Introduction

Norovirus (NoV) is the major cause of acute non-bacterial diarrhea worldwide [1, 2]. The virus belongs to the family Caliciviridae, and it has a positive-sense single-stranded RNA genome of 7.5–7.7 kb in size, which consists of three open reading frames (ORFs). Specifically, ORF1 encodes a polyprotein that could be cleaved into six non-structural proteins (NS1/2-NS7), and remaining two ORFs encode a major structural protein VP1 and an alkaline minor structural protein VP2, respectively [3]. The viral capsid contains 180 major capsid protein VP1 monomers, which is composed of a shell domain (S) and a protruding arm (P) with a flexible hinge. The P arm could be subdivided into P1-1, P2, and P1-2 subregions, and P2 is associated with the receptor-binding function and viral immunogenicity [4, 5].

As an RNA virus, NoV has a rich genetic diversity. Based on the capsid VP1 amino acid sequences, NoVs can be classified into six genogroups (GI–GVI), and a seventh genogroup has also been proposed recently [6, 7]. Additionally, most genogroups could be further subdivided into different genotypes, with over 40 described up to now [8]. However, only GII.4 variant is the predominant genotype that caused majority of the outbreaks and sporadic infections worldwide [2]. To date, GII.4 genotype contained about 14 epidemic variants according to the genetic diversity of the P2 subregion.

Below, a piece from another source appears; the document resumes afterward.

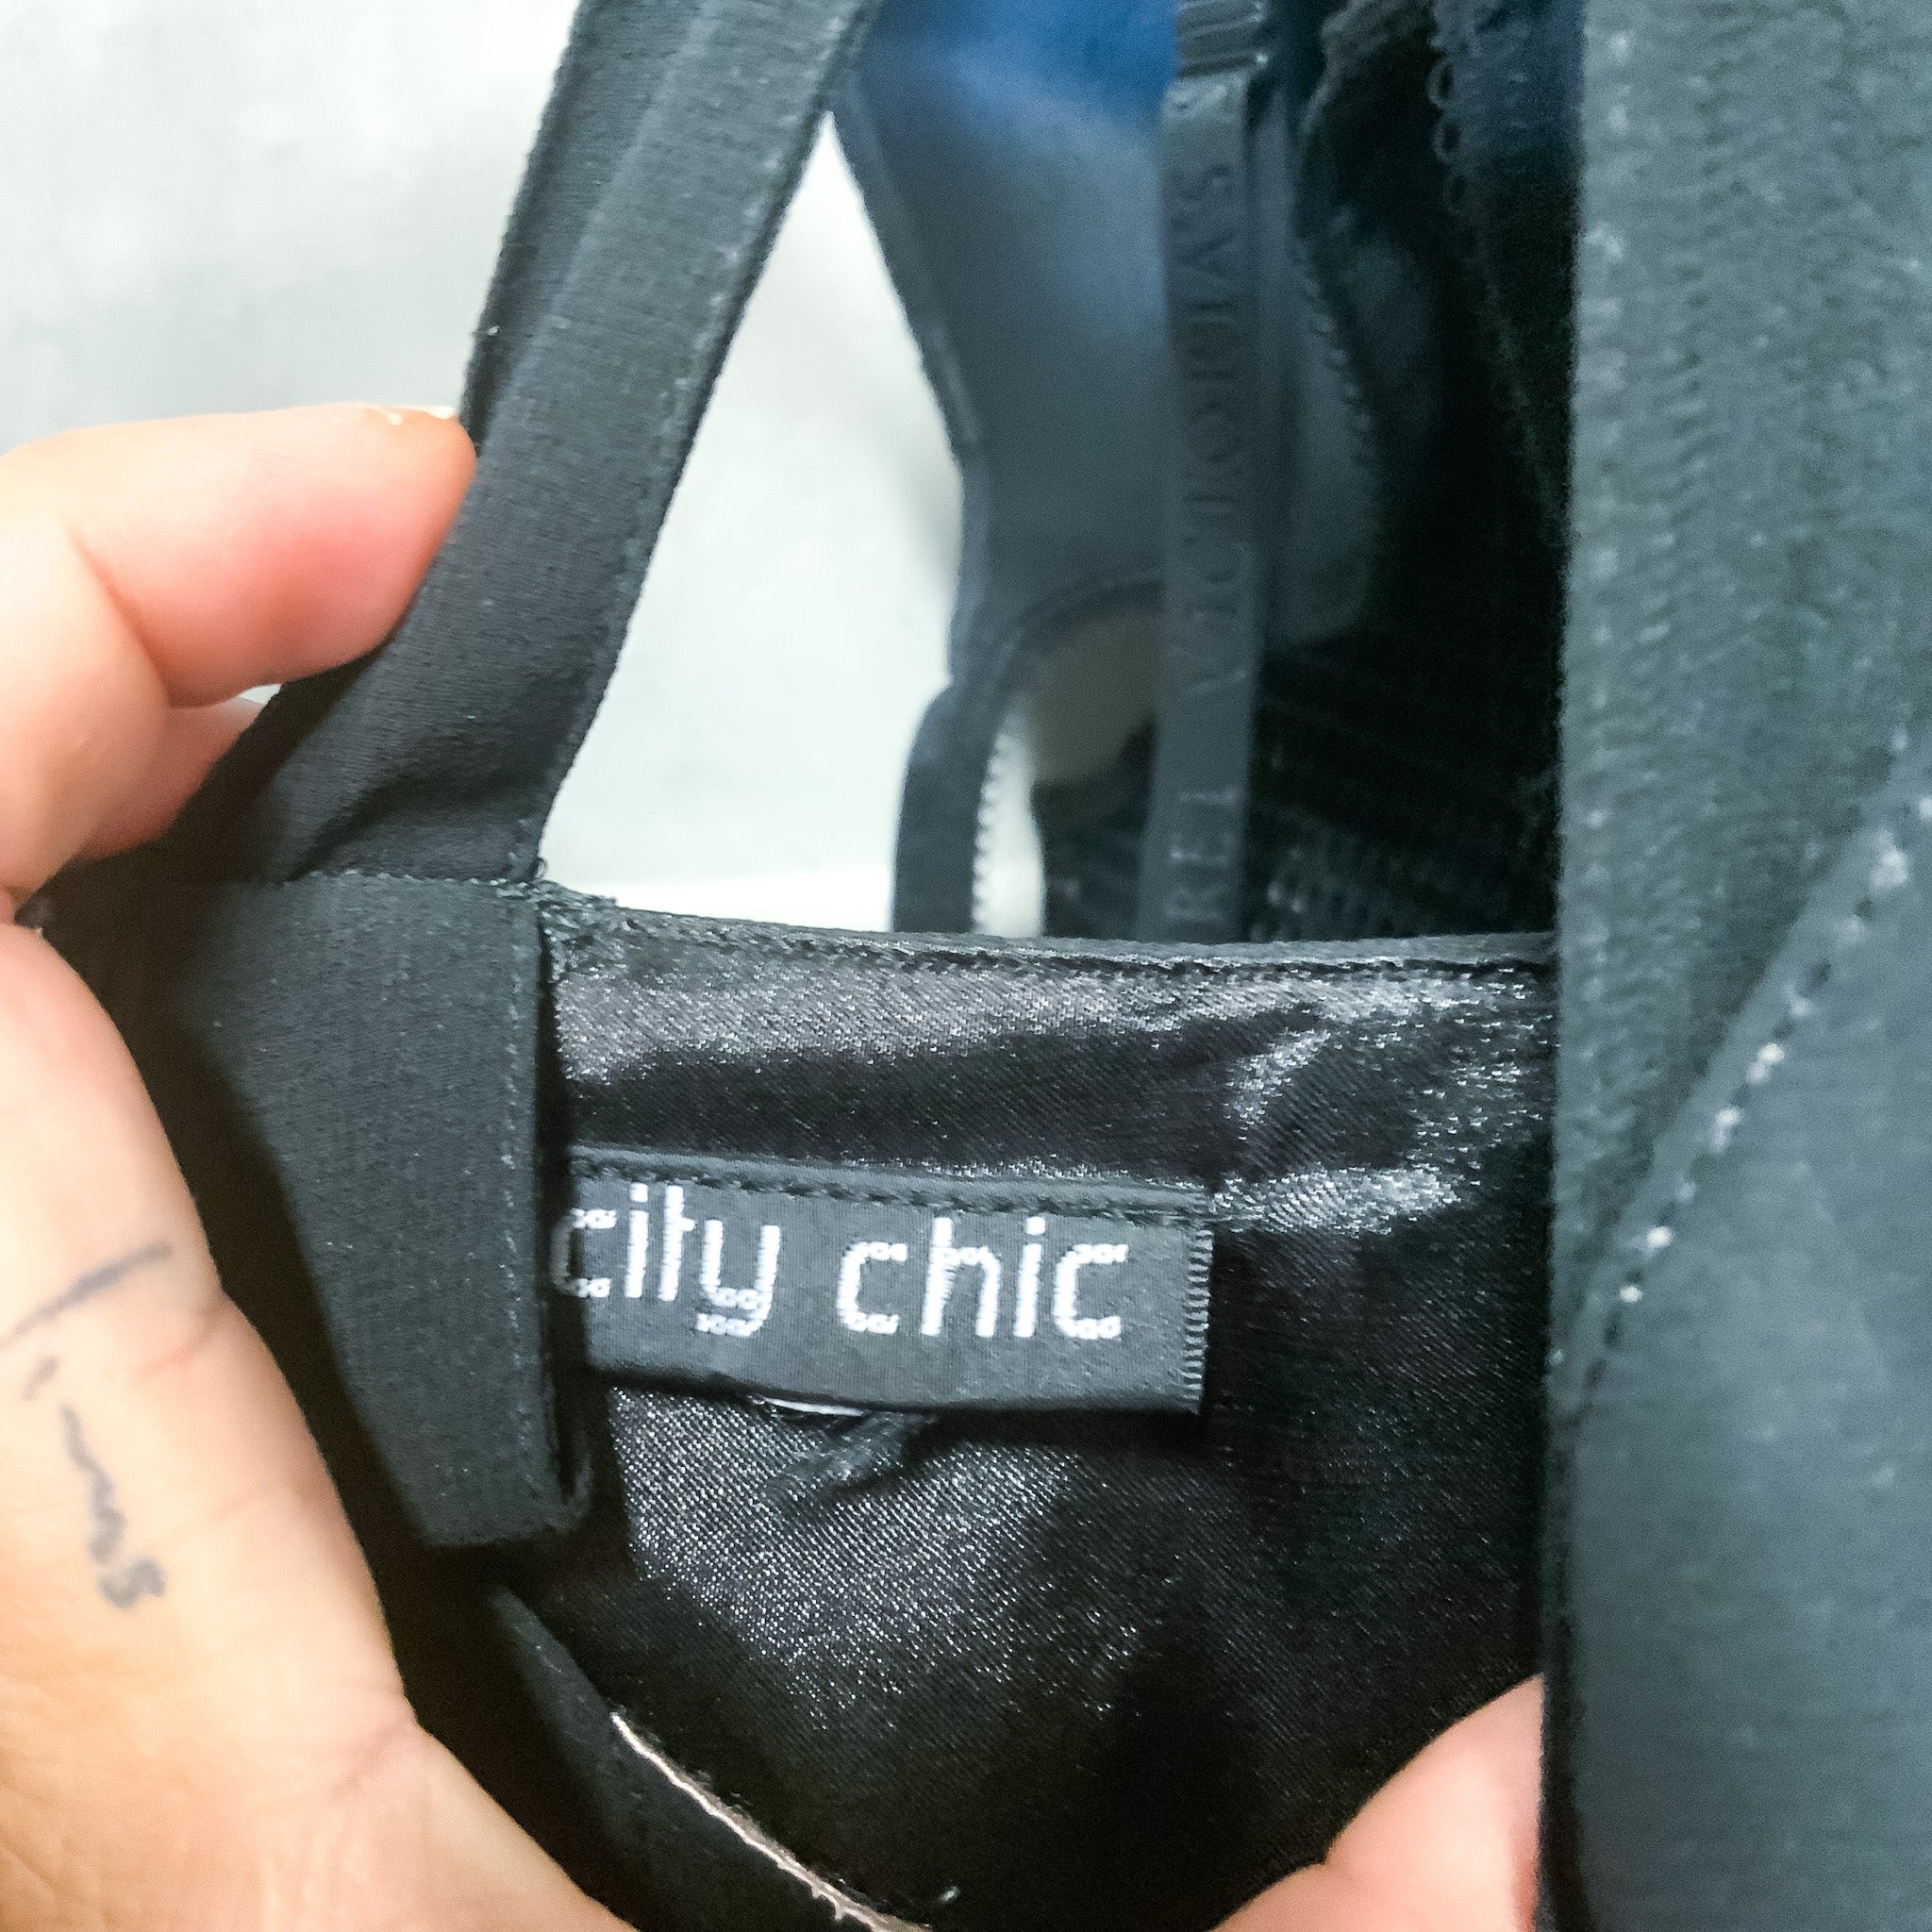 CITY CHIC Contrast Trim Lace Black Maxi Dress - Size AU16/18

The severity of GII.4 NoV has been studied comprehensively since its global epidemic. New GII.4 variants frequently emerged and clearly replaced the former dominant variant every 2 or 3 years. The ancestral GII.4 variant was collected in 1974, but it did not cause global pandemic until the appearance of the US 95/96 variant in the mid-1990s [9, 10]. Since then, a series of GII.4 variants have been found worldwide and became the predominant genotypes, including GII.4-2002 (Farmington variant), GII.4-2004 (Hunter variant), GII.4-2006a (Yerseke variant), GII.4-2006b (Den Haag variant), GII.4-2007EU (Apeldoorn variant), GII.4-2009 (New Orleans variant), and GII.4-2012 (Sydney variant). The last variant GII.4-2012 was first identified in March 2012 in Australia [11], and then the emergence of the new variant caused an obvious increase of NoV-related outbreaks and sporadic infections in many countries, including China [1215].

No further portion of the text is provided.